## TASK DIRECTIONS
With the images removed, return every line below exactly as it reads.

## DATA SHOWN
⁂

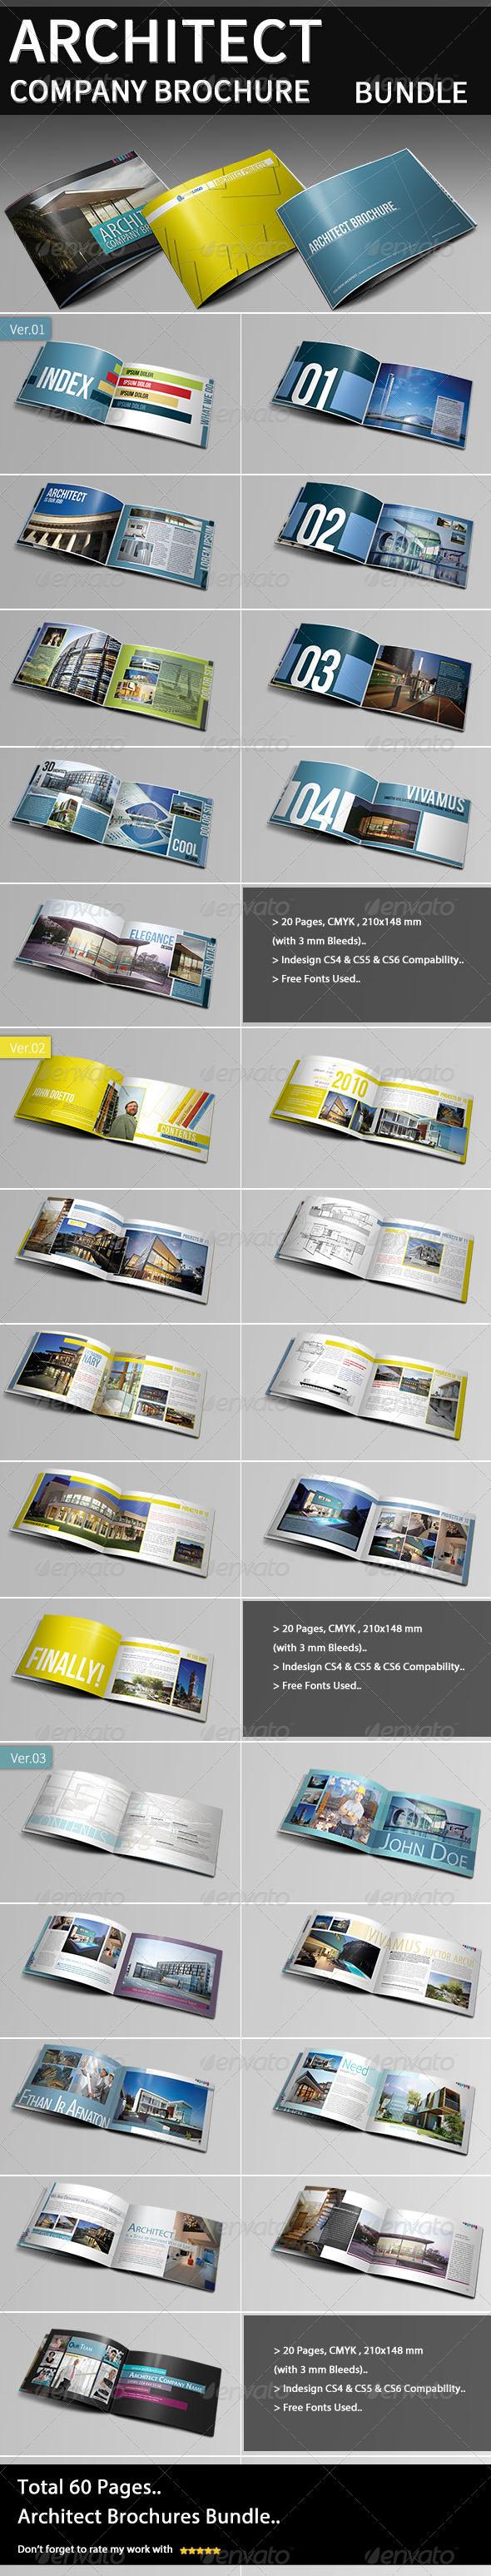 GraphicRiver Architect Company Brochure Bundle 4090990
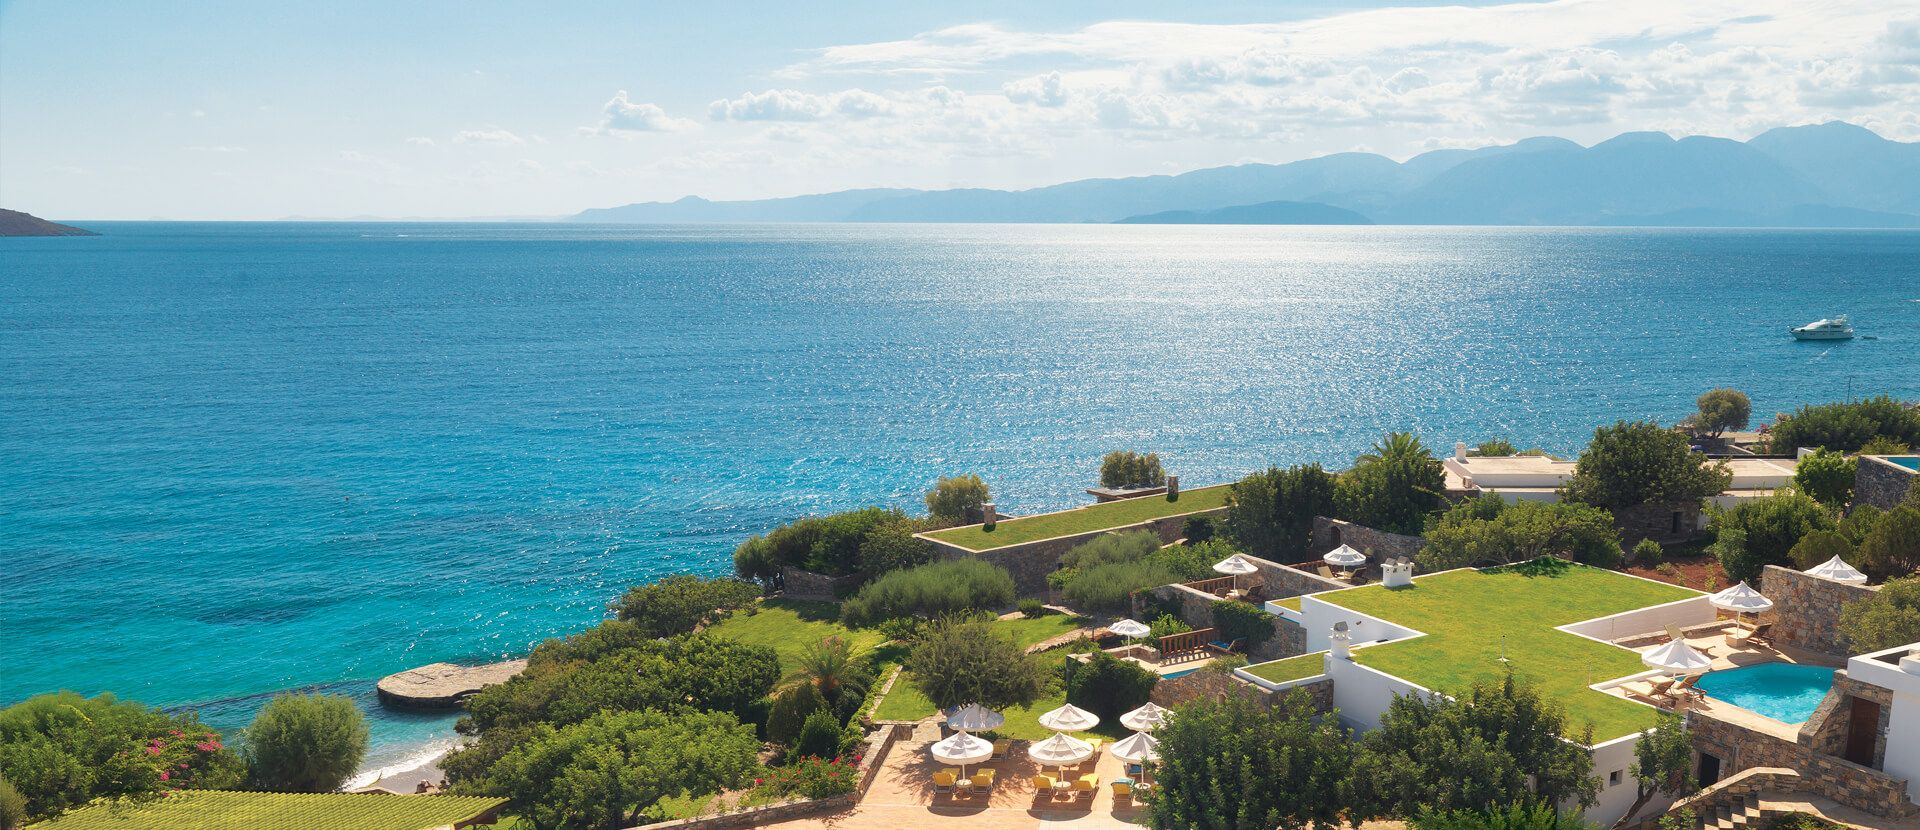 Elounda Mare Hotel Relais & Chateaux
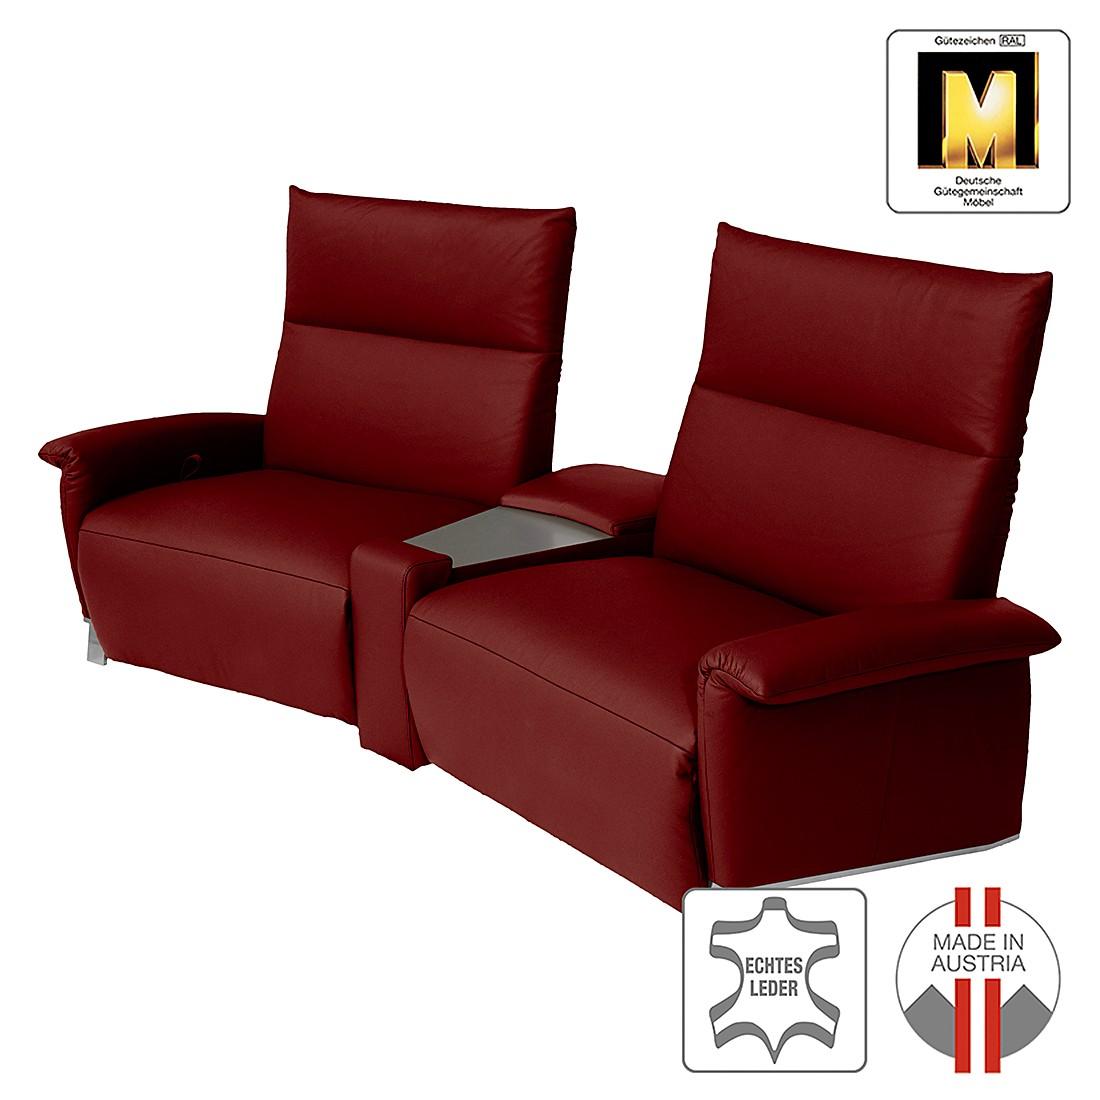 Reclinersofa Barcelona (2-Sitzer) – Echtleder – Rot, ADA premium günstig kaufen
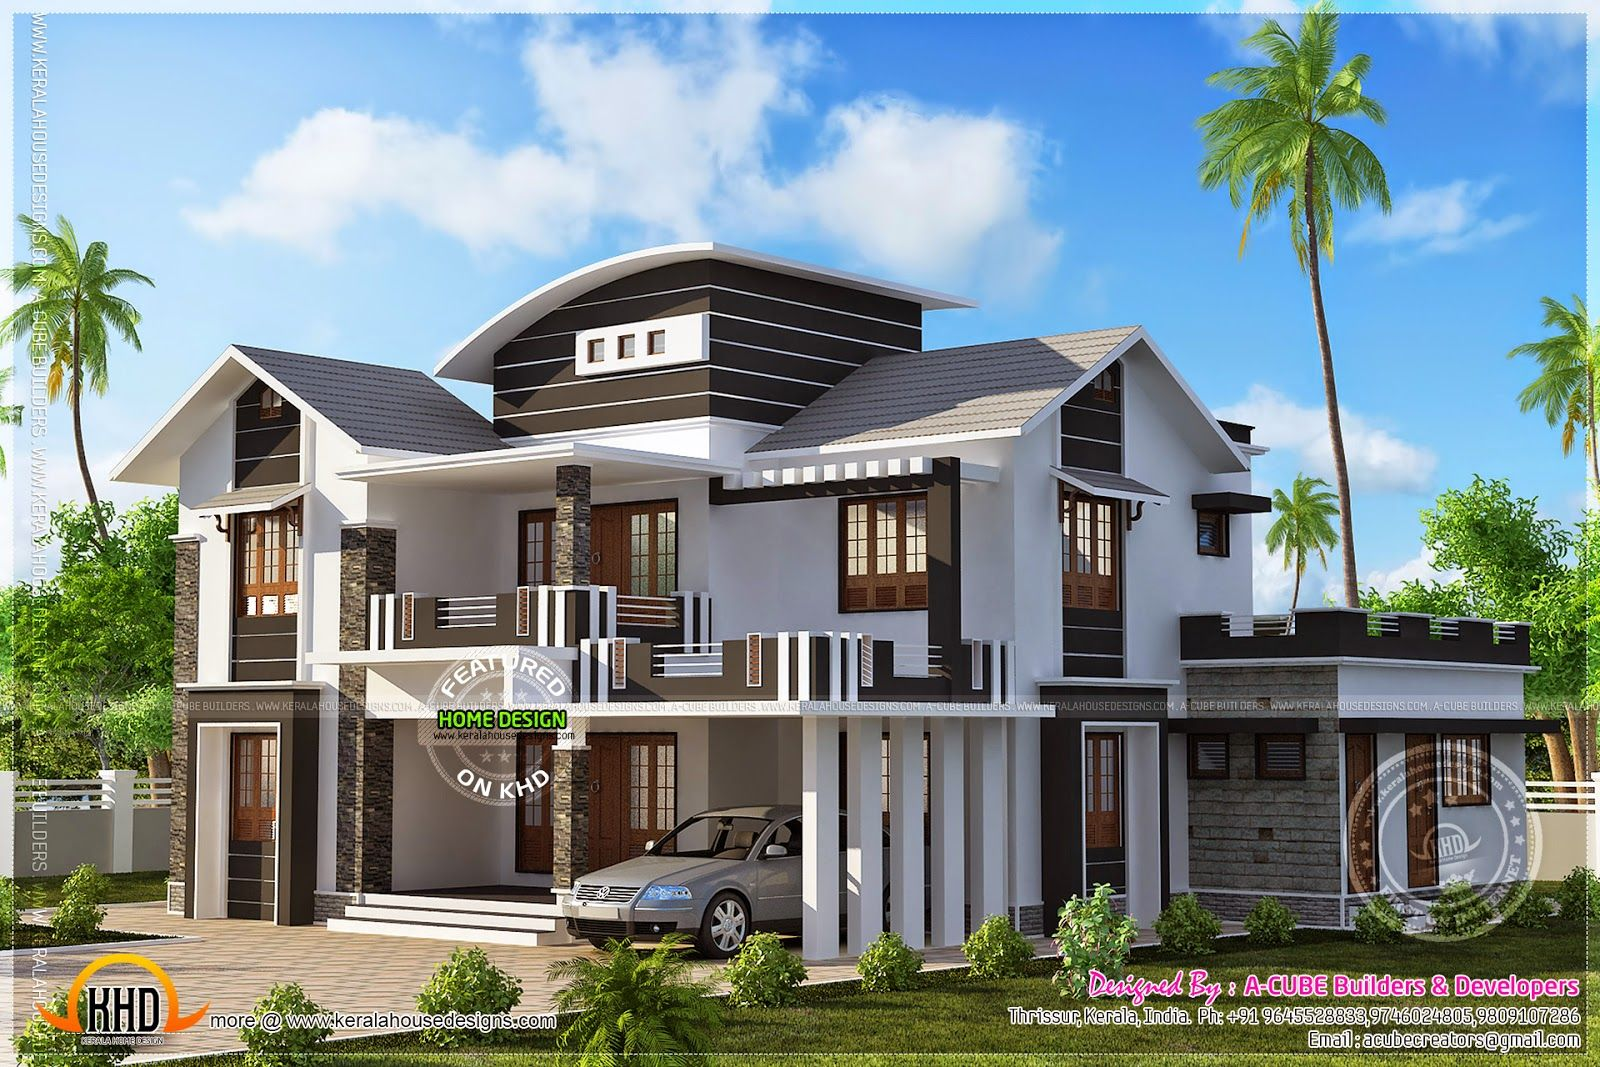 indian house parapet wall design Home Design Get Indian House Parapet Wall Design Background

⁂

## RESULT OF THE TASK
 GraphicRiver Architect Company Brochure Bundle 4090990
 Elounda Mare Hotel Relais & Chateaux
 Reclinersofa Barcelona (2-Sitzer) – Echtleder – Rot, ADA premium günstig kaufen
 indian house parapet wall design Home Design Get Indian House Parapet Wall Design Background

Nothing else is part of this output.